でも、考えているだけではなく、他の取り組みはやっていました。皆さん同じだと思いますが、短期・中期・長期の案件を様々抱えながら、毎日考えるしかない。ただ、何の積み残しがあるのかということを、中期経営計画の作成を通じて意識しています。

手を打てていない積み残し事項を認識はしているので、ずっと頭のどこかにある状態なのですが、誰かとの出会いや新しい情報を知ることを通じて、一気に考えが進んで解決することもあります。

そういう意味では、毎年中期経営計画を書くことは、ものすごく大切な気がします。

モチベーションクラウドのエンゲージメントスコアがあれば、踏み込んだマネジメントが可能になる。

白木:中期経営計画と照らし合わせることは、5MのMotivationの部分についての、検証方法のひとつとも言えると思います。

弊社が提供しているサービス「モチベーションクラウド」を、経営判断の際に役立てていただいているとのこと。どのようにご活用いただいているのでしょうか。

中川氏:そもそもなぜモチベーションクラウドを導入したかと言うと、社員が180名ほどになってきたときに、全社員分の人事考課をひとりで見きれなくなったからなんです。

肌感覚でわからなくなって、自信が持てなくなってしまった。これまでであれば、組織変更をする際に、新しいこのポジションはAさんがいいなとすぐに人が思い浮かんだのに、それが難しくなってきたことに気づき、その感覚を補うためにモチベーションクラウドの力を借りようと思いました。

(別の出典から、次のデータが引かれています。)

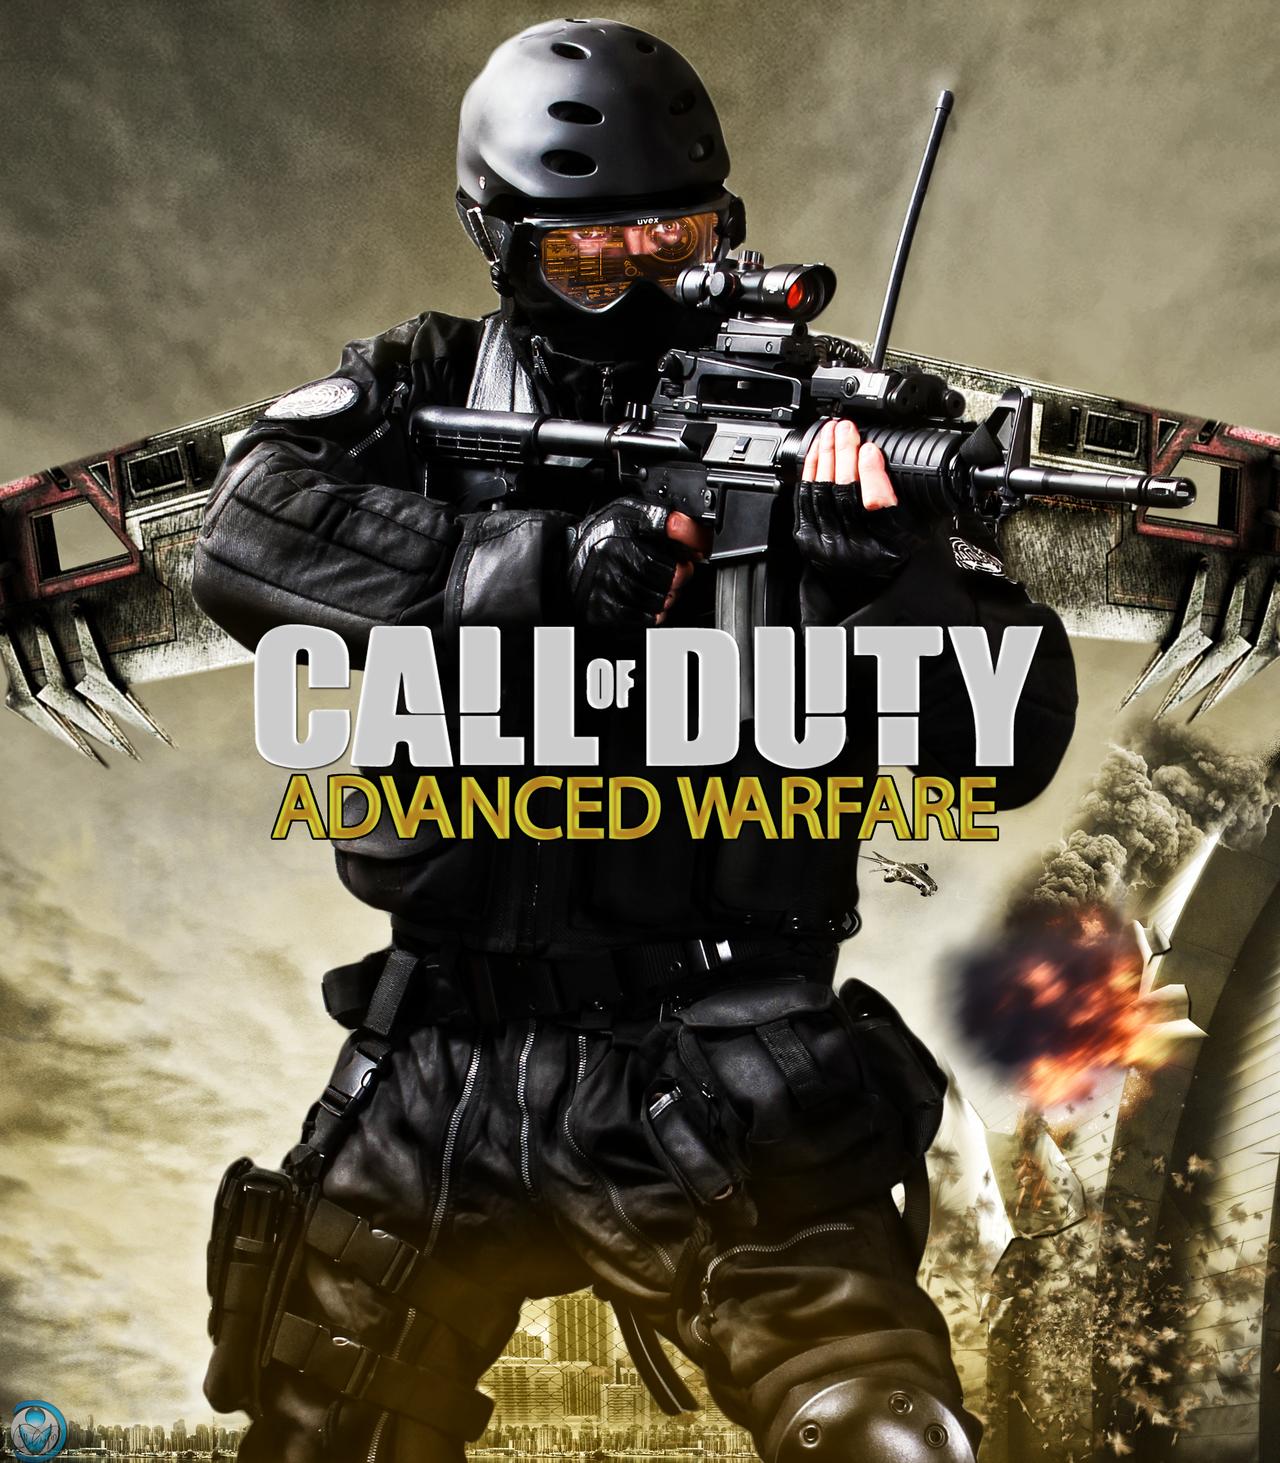 Call Of Duty Advanced Warfare By Mrchapindesigns On Deviantart Call Of Duty Advanced Warfare Call Of Duty Aw
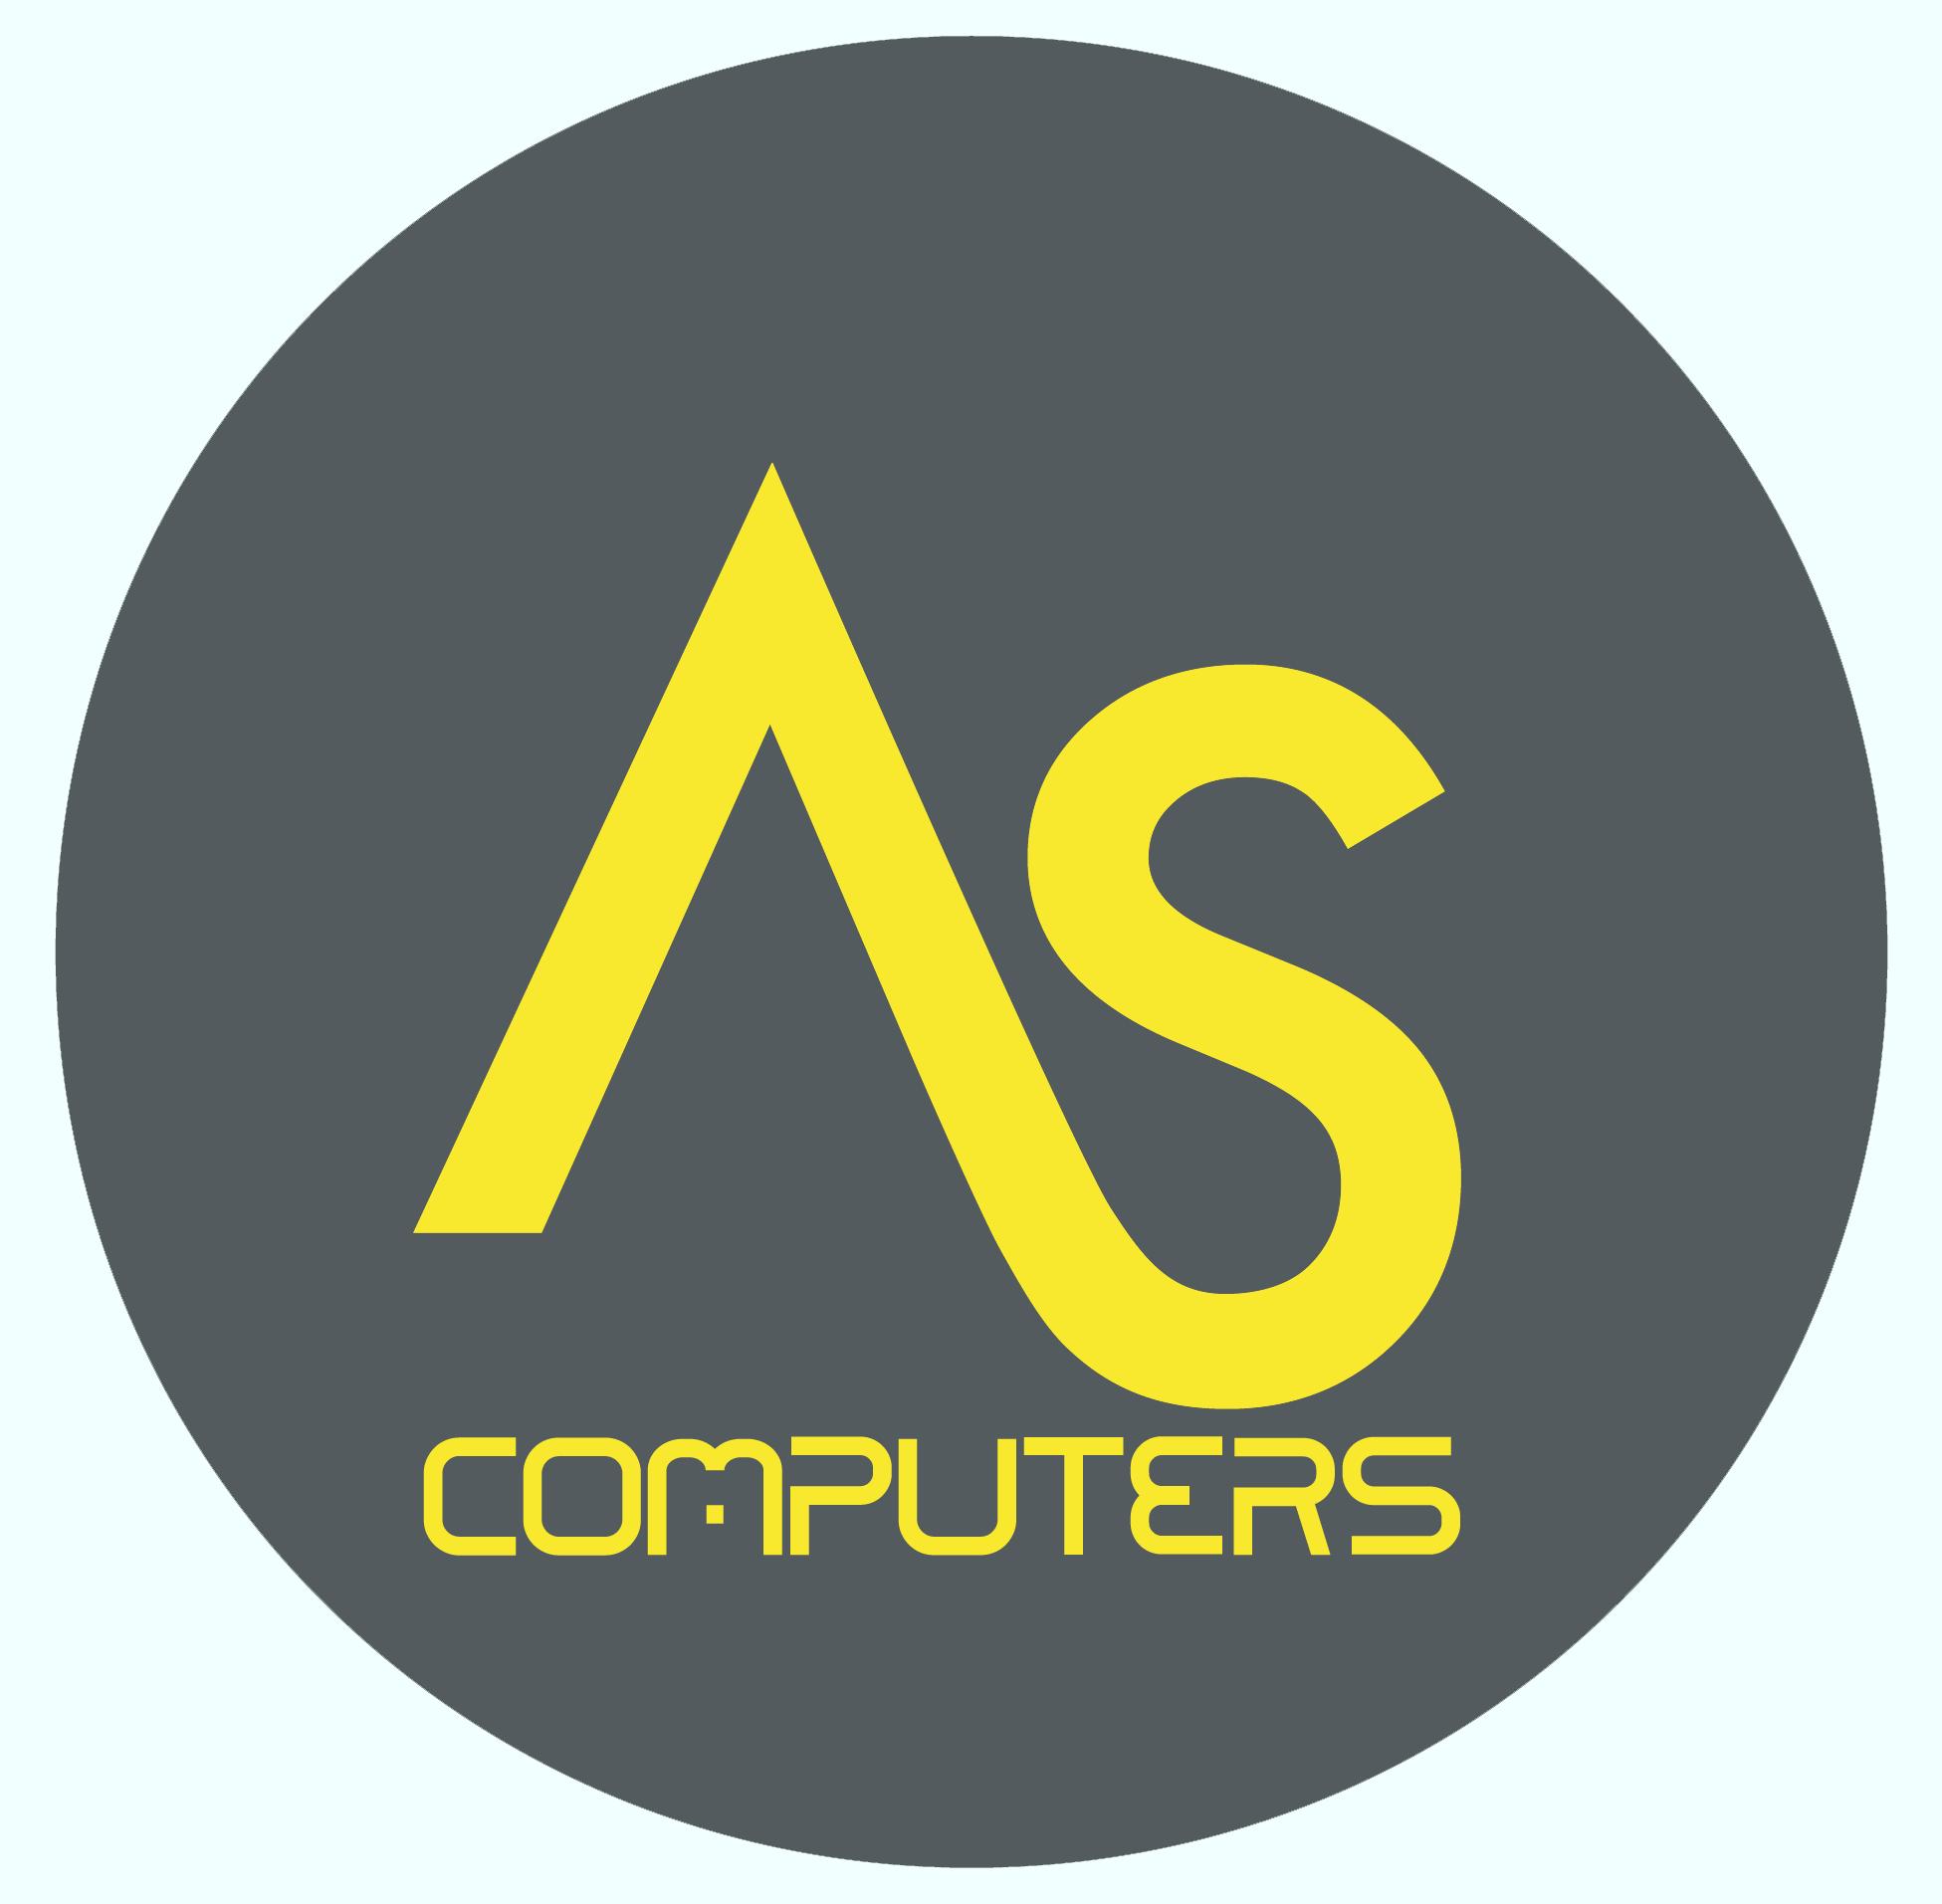 A.S Computer

白木:組織の現状把握のツールとしてご活用いただいているということですね。

中川氏:そうです。組織変更を頻繁に行うので、そういった状況に対してストレスを感じているのかどうかも、なんとなく見ることができます。

私自身が全てを見ることはできない中で、上長がキーマンになってくるわけですが、どの上長が組織をマネージできているのかもわかります。

実際、ある部署の数値が、他の部署と比較して明らかに悪かったのですが、それは私自身の印象ともリンクしていました。ただデータがない状態では、「組織、うまくいってないんじゃないのか?」と聞いたところで「ちゃんとやってますよ」と返事をされたら、それ以上踏み込めなかった。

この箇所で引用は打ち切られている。